Recently Dr. Nan Niu traveled to Beijing, China to attend the RE16 conference- Requirements Engineering16 http://re16.org/downloads/RE16%20program.pdf. He took with him high hopes for the requirements engineering research paper he and his team submitted together with Linda Newman, Head of Repositories and Digital Collections and Amy Koshoffer, Science Informationist. For the beginning of this story and more on the models created using Scholar@UC use cases, see the blog entry “Scholar@UC Goes to Class” (https://libapps.libraries.uc.edu/liblog/2016/01/scholaruc-goes-to-class/).
Dr. Niu has made all the research materials supporting this work available through Scholar@UC https://scholar.uc.edu/works/documents/wm117q084. Dr. Niu is making brilliant use of Scholar@UC as a teaching tool, a research subject, data preservation tool and an open data/access model. Again congratulations to Dr. Niu and the whole team!!
Scholar@UC version 2.1 is now available. With this update, Scholar@UC enforces a 3 GB limit for files uploaded or downloaded through the online interface, but also directs users to a form for requesting help with larger files. The Scholar@UC team will manually or bulk load larger files directly to the repository, and provide an asynchronous method for authorized sharing of larger files when requested.
Note that 3 GB files may be extremely slow, until IT@UC has completed the work to add memory resources to the Scholar@UC production environment. The Scholar@UC team will continue to lobby for improvements to this environment.
College and Departmental fields are now available as facets, and appear on all input forms, pre-populated (except for theses and student works) with the College and Department of the submitter, as provided by UC identity management. These default values can be overridden. The Scholar@UC team will add these values to past works.
We have improved the load time for Collections containing a large number of works.
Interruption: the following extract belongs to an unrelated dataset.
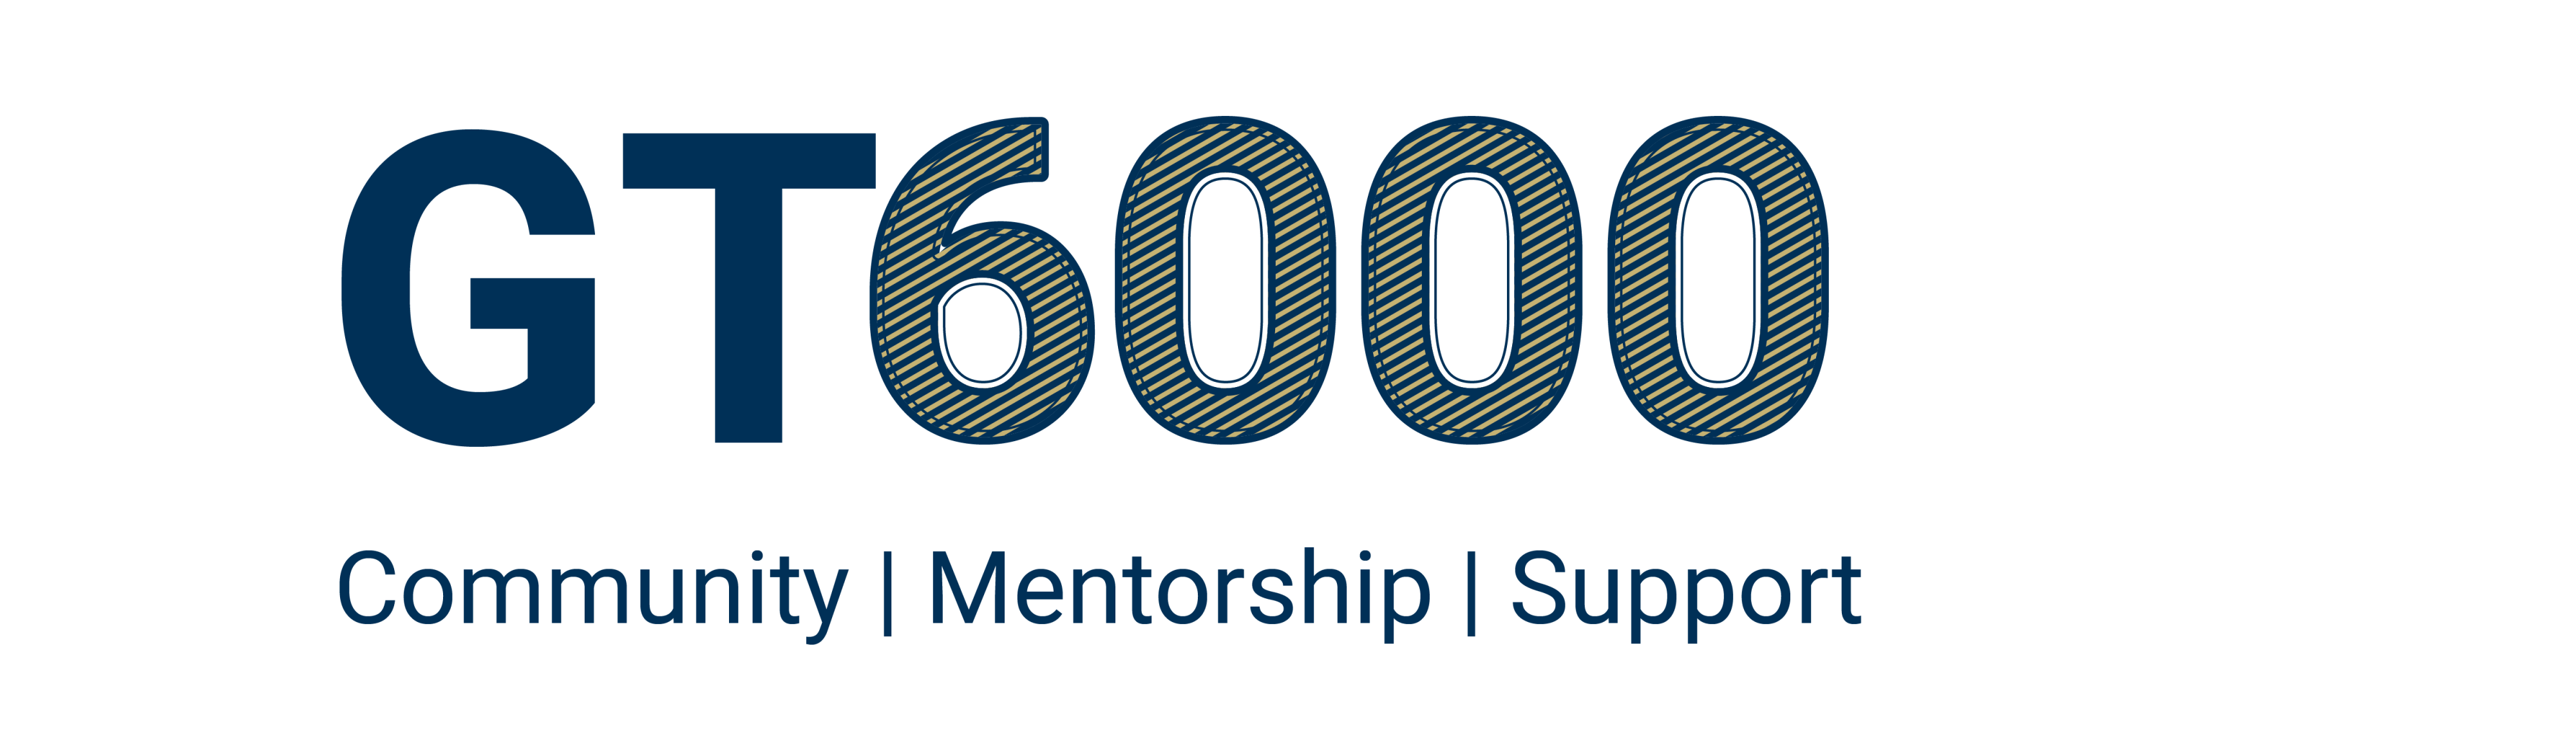 GT6000 Community, Mentorship, Support

In addition, a ‘Search within collection’ button takes the user to a browsable view of the collection, where facets and keyword searching can be applied.
See the Scholar@UC Change Log on GitHub for a complete list of bug fixes and changes.
Scholar 2.0 is here! It includes two new work types, Theses and Dissertations and Student Works, increasing the support in Scholar@UC for exemplar student content. Also included in today’s Scholar 2.0 release are major enhancements such as improved collection searchability and management, email notifications, and catalog discovery and sort options (in particular a new ‘date created’ facet, and the ability to sort the catalog browse by title). For a complete list of features and bug fixes see our change log.
With the deployment of this version, we are beginning work on the next major release, Scholar 3.0. Our work for Scholar 3.0 will begin in a sandbox (test) environment where we will build upon substantial new code contributions from the Project Hydra community (to be technical, upgrades to Fedora 4, Solr 5 and a new implementation of Hydra named ‘Sufia 7′). When we have merged our code with the code from the Hydra community, we will reach out to early adopters and others to help us evaluate this major release with substantial additional functionality.
While we are beginning work on Scholar 3.0, at the same time we will continue with improvements and point releases to Scholar 2.x. There will be a decrease in the deployment schedule for Scholar 2.x, with our development cycles now devoted to multiple projects. This does not mean that deployment will stop. An additional College and Department facet, and integrations with Kaltura, Research Directory, and ORCID are still on an estimated 3 month road map. Efforts will also be devoted to increasing the overall performance of the application.